### WHAT YOU WILL DO
The answer must consist of every line from the entries that holds the word "Gvaramia".

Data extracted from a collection
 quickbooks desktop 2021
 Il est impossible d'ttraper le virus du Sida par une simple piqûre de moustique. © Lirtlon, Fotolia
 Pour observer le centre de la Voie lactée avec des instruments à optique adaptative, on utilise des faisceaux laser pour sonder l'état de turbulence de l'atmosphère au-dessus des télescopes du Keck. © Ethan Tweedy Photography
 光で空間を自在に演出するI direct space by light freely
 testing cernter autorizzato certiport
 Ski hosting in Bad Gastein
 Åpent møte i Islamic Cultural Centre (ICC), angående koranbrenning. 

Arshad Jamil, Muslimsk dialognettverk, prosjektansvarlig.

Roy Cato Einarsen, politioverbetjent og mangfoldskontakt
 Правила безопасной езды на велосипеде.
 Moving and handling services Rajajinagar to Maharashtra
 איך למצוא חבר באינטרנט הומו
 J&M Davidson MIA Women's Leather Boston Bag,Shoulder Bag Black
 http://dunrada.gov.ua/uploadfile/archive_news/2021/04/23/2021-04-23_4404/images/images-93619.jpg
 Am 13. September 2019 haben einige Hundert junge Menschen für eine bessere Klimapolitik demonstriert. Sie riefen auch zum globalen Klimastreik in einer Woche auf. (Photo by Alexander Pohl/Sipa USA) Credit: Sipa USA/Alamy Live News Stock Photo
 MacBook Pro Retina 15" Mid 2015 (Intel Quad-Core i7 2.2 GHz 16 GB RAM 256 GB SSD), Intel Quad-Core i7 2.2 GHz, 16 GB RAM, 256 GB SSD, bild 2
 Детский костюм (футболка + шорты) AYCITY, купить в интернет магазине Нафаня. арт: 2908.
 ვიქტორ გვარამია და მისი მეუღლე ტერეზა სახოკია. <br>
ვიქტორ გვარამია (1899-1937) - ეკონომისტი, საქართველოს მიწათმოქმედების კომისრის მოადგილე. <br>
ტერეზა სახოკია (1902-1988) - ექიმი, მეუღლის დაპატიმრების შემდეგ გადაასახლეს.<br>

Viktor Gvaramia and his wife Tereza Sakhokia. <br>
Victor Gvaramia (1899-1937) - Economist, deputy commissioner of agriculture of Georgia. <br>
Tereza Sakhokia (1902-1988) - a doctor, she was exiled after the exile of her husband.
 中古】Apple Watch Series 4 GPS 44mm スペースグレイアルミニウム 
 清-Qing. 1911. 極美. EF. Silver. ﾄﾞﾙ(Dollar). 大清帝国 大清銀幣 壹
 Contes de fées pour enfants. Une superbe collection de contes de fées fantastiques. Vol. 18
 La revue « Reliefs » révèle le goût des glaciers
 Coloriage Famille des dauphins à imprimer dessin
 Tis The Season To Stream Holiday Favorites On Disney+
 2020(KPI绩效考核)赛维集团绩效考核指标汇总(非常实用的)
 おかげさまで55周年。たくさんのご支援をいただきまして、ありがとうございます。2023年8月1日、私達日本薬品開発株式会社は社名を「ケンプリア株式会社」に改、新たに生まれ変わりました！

### EXPECTED ANSWER
Viktor Gvaramia and his wife Tereza Sakhokia. <br>
Victor Gvaramia (1899-1937) - Economist, deputy commissioner of agriculture of Georgia. <br>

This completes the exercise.